Create a polynomial basis

Parameters
  • intercept (bool) –

  • scale (bool) – Whether to center and scale the data by centering to the mean and component-wise scaling to unit variance.

class hm2.basis.PolynomialBasis(degree, intercept, scale=True)
__call__(X)

Apply the basis to X, performing scaling if requested

__init__(degree, intercept, scale=True)

Create a polynomial basis

Parameters
  • degree (int) – The degree of the polynomial features.

  • intercept (bool) – Whether to include an intercept.

  • scale (bool) – Whether to center and scale the data by centering to the mean and component-wise scaling to unit variance.

Boilerplate

hm2.boilerplate.filter_implausibilities(implausibilities, threshold: float)

Filter out those implausibilities which are too large.

Parameters
  • implausibilities – TODO

  • treshold – Implausibilities larger than this threshold are rejected

Returns: TODO

hm2.boilerplate.generate_data_for_emulators(param_samples: pandas.core.frame.DataFrame, matched: pandas.core.frame.DataFrame)

Merges the values of param_samples with the appropriate rows in matched and returns the results grouped by the real observations’ ids.

Parameters

Yields: A tuple of (observation_id, parameters, y, stdev)

hm2.boilerplate.generate_n_new_plausible_parameters(count: int, emulators: Union[list, dict], parameter_samples: pandas.core.frame.DataFrame, real_observations: pandas.core.frame.DataFrame, threshold: float, generation_count: int = 1000000)

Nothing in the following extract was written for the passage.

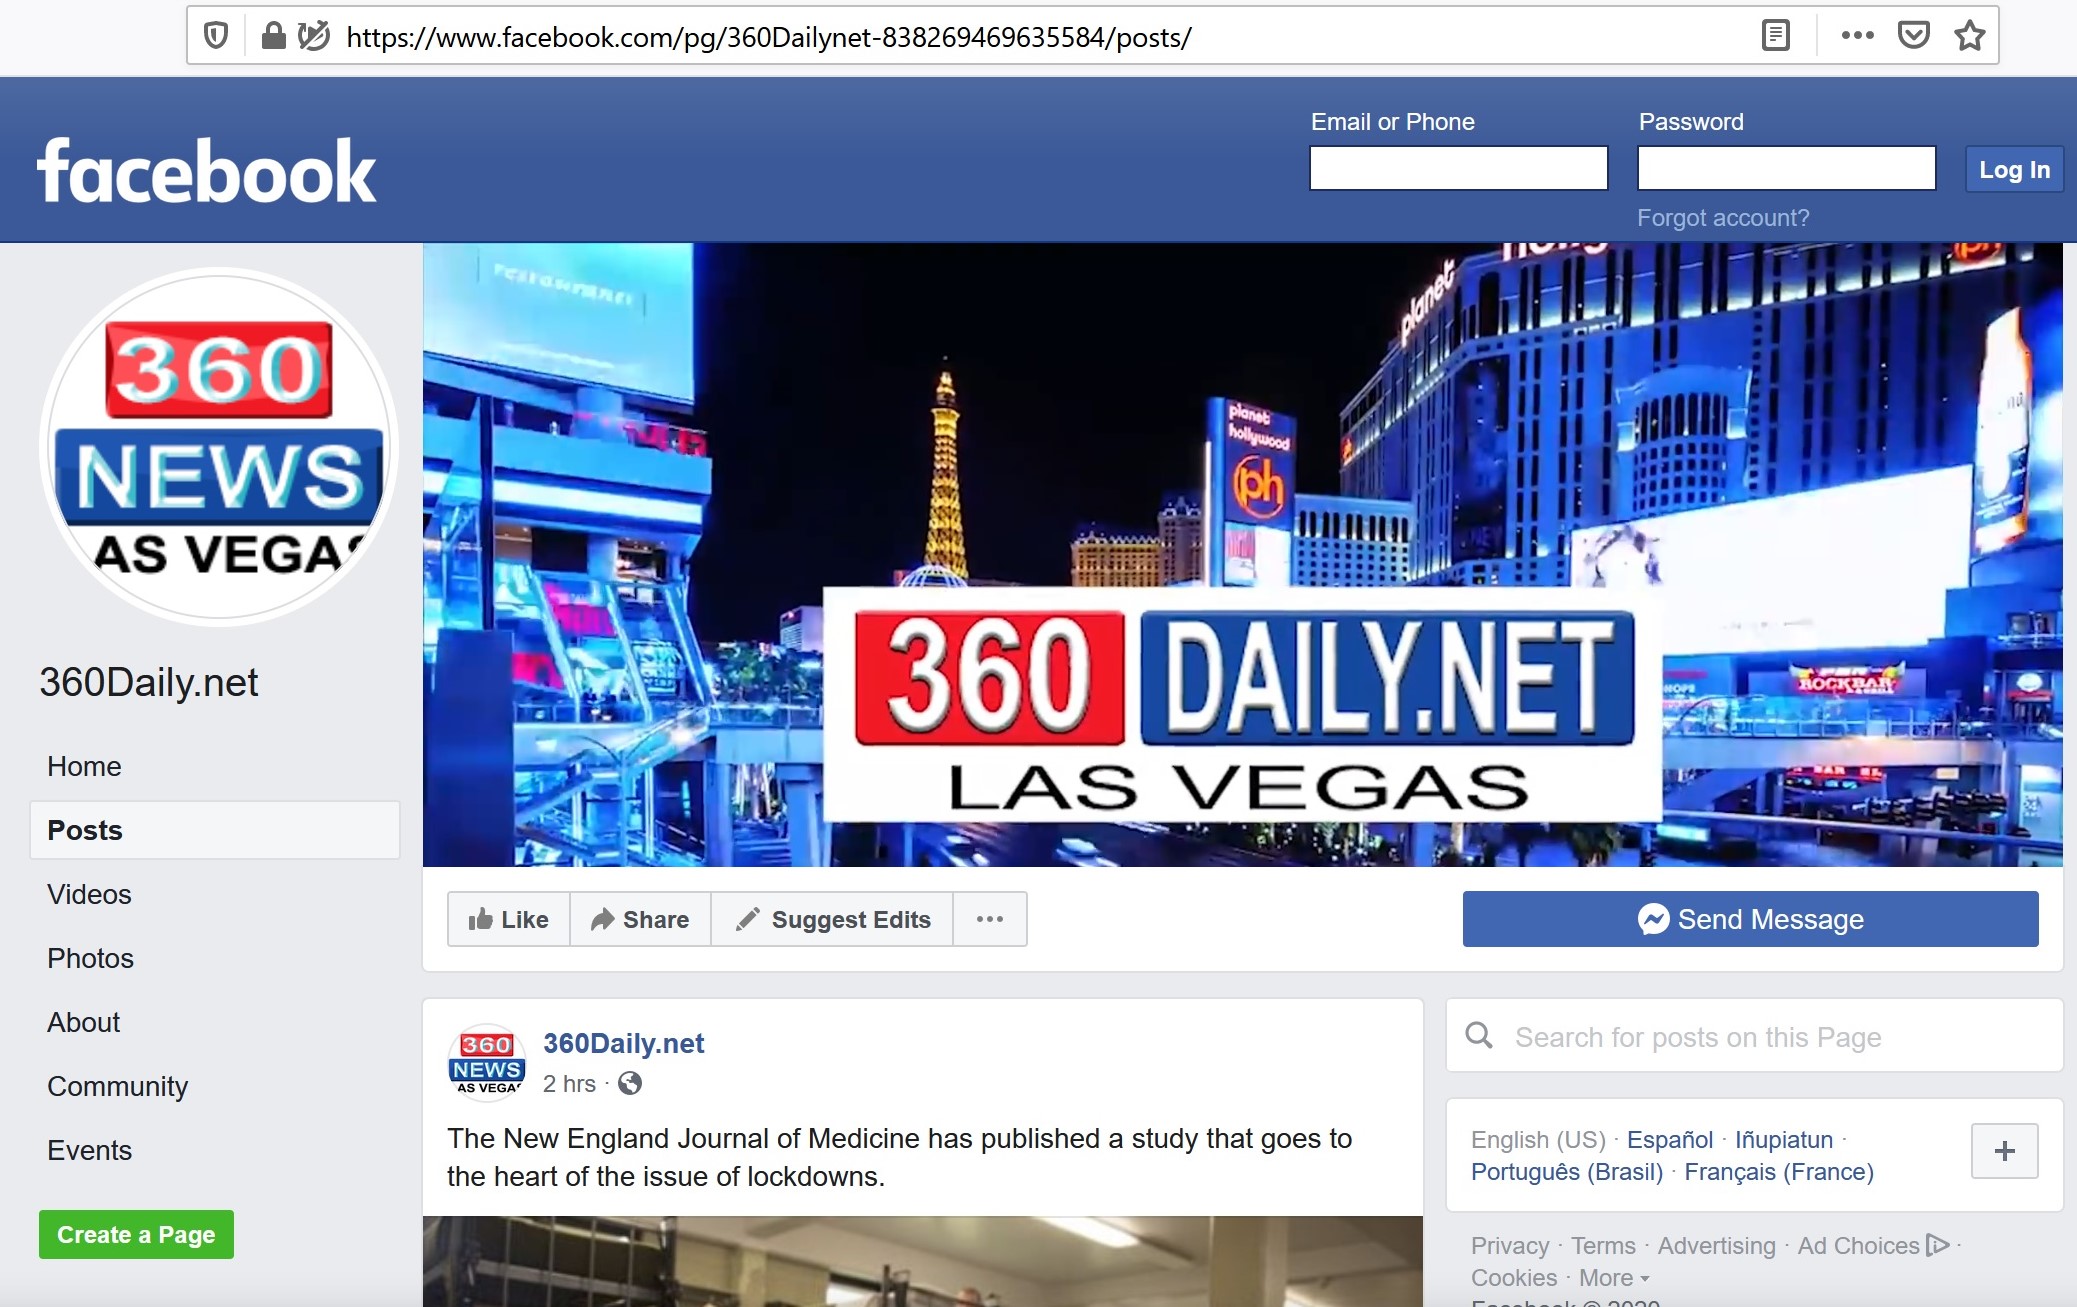 Linked Facebook page and header video

This function uses rejection sampling to generate count new non-implausible parameters. Note that this is not guaranteed to produce count parameters. For very constricted spaces fewer, or no, samples might be obtained.

Parameters
  • count – How many non-implausible samples we would like

  • emulators – A dictionary of emulators or a list of such dictionaries, one dictionary for each wave.

  • parameter_samples – A ParameterSamplesFrame which will be used to constrain the sample space.

  • real_observations – A ObservationsFrame containing real observations.

  • threshold – Samples with implausibility values above this threshold are rejected.

  • generation_count – How many samples should be generated in an attempt to find the count we want. This number should be several hundred times larger than the actual number desired.

Returns: A new ParameterSamplesFrame.

hm2.boilerplate.get_implausibility(emulators: Union[list, dict], parameter_samples: pandas.core.frame.DataFrame, observations: pandas.core.frame.DataFrame, model_stdev: float = 0.0)

Uses the emulators to determine the implausibility of each parameter_sample given the observations and model variability.

Parameters
  • emulators – A dictionary association observation_ids with emulators.

  • parameter_samples – A ParameterSamplesFrame.

  • observations – A ObservationsFrame.

  • model_stdev – A value indicating the internal variability of the model.

Returns: TODO

hm2.boilerplate.get_single_obs_data_for_emulators(param_samples: pandas.core.frame.DataFrame, matched: pandas.core.frame.DataFrame, observation_id: int)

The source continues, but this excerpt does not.